Using this approach, the private company are able to avoid the registration expenses -- as well as the waiting time -- required to make a bona fide initial public offering. And the stockholders of the shell wind up with shares in a real company.

So everybody is happy, right?

Well, no -- at least not in the opinion of Gail Weggeland, the attorney in charge of the SEC's Salt Lake City office. He believes that private companies shopping for a clean shell are going to wind up with a pig in a poke.

"People who peddle shells are by and large crooks," says Weggeland. The brokers -- he charges -- are often in cahoots with the small group of investors who have the control. Asserts Weggeland: "These guys will put out the rumors about oil discoveries in Oklahoma or an exciting merger, and then sell when the stock takes off so they can get most of the benefits."

Even if the shell is apparently "clean," Weggeland warns that there may be surprises down the road. For one thing, it is generally considered a securities fraud to sell existing stock in an inflated market to raise funds for a newly organized business. Moreover, unknown corporate records or shareholders may suddenly surface. "Merging with a shell is about as risky a corporate venture as you can imagine," the SEC attorney says. " . . . Chances are, you'll be selling your corporate birthright for a brief market flurry."

Many investment bankers share that view. "I think it's an exercise in stupidity," says Gil Mintz, founder of Broadview Associates in Fort Lee, N.J., a financial consulting firm that specializes in mergers and acquisitions solely for the computer services industry. "Within computer services, at least, it makes much more sense to go through an underwriter. After all, you need the underwriter's support in the aftermarket. You still have to hire a financial p.r. firm. So where's the advantage?"

Others aren't quite so sure. "There have been some pretty raw situations," admits John Potter, president of Potter Investment Co. in Salt Lake City. "But it's not all one-sided by any means."

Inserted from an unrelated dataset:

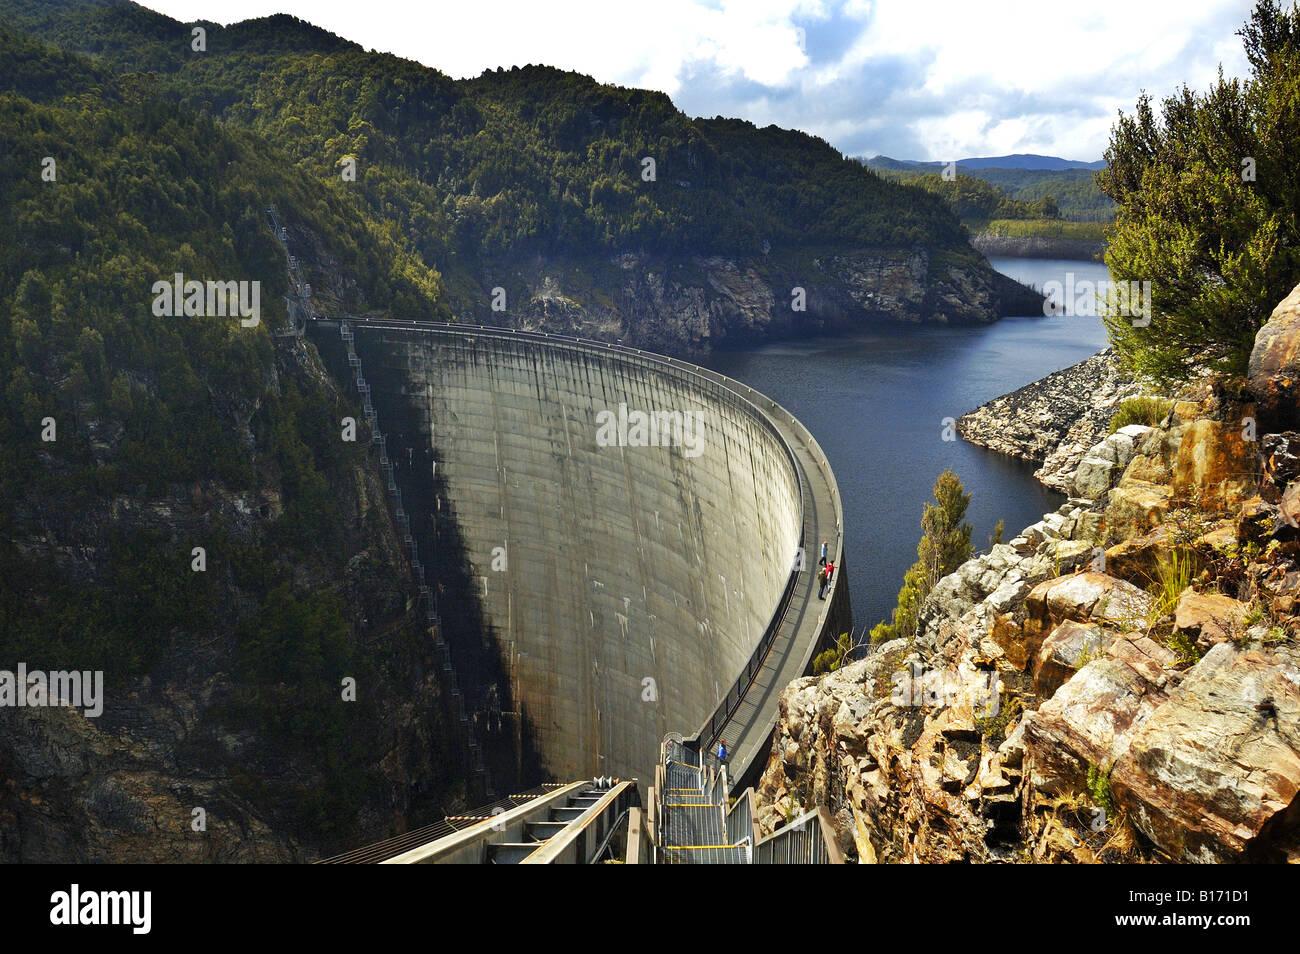 hight resolution of people on the gordon dam tasmania australia stock image

Looking across the financial landscape, there do seem to be a few instances where shells have been put to nonspeculative use. Evolution Computer Systems Corp., of Orange, Calif. (see INC., October 1982, page 53), merged with a public shell in 1981, becoming Evolution Technologies Inc. in hopes of making use of the shell's losses -- if and when Evolution ever generated profits to shelter. (It didn't, and ended up filing for protection under Chapter 11.) And there have been others. Just last February, two privately held companies -- Video University Inc. of Jackson, Miss., and Video Education Inc. of Reno, Nev. -- merged with U.S. Rich Hill Minerals Inc., a Utah-based shell, which was traded over-the-counter. The new entity is called Kelwynn Inc.

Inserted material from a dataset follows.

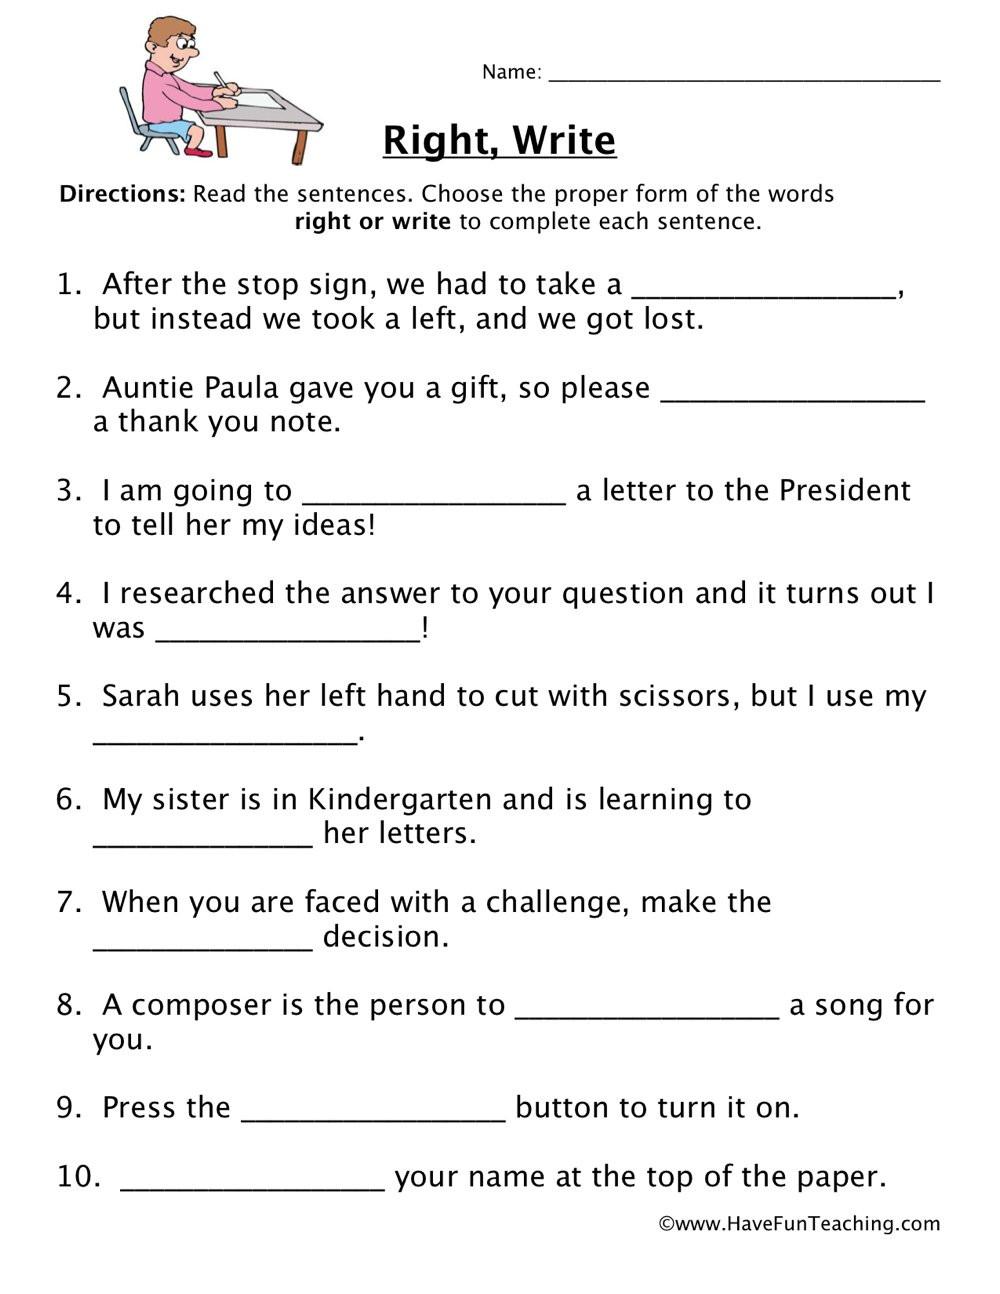 Homophones Worksheets 2nd Grade Right Write Homophones Worksheet

"An initial public offering wouldn't have guaranteed us any kind of market following," says president and chief executive officer George Wynne, who figures he saved hundreds of thousands of dollars by going the route he did. On the other hand, he concedes that Kelwynn will have to spend some of those savings in connection with a secondary offering, which will probably come next year.

Nevertheless, he insists that, in his case, it made perfect sense to merge into a shell, and he may be right. If you are planning to sell shells, however, it is still probably a good idea to stay near the seashore.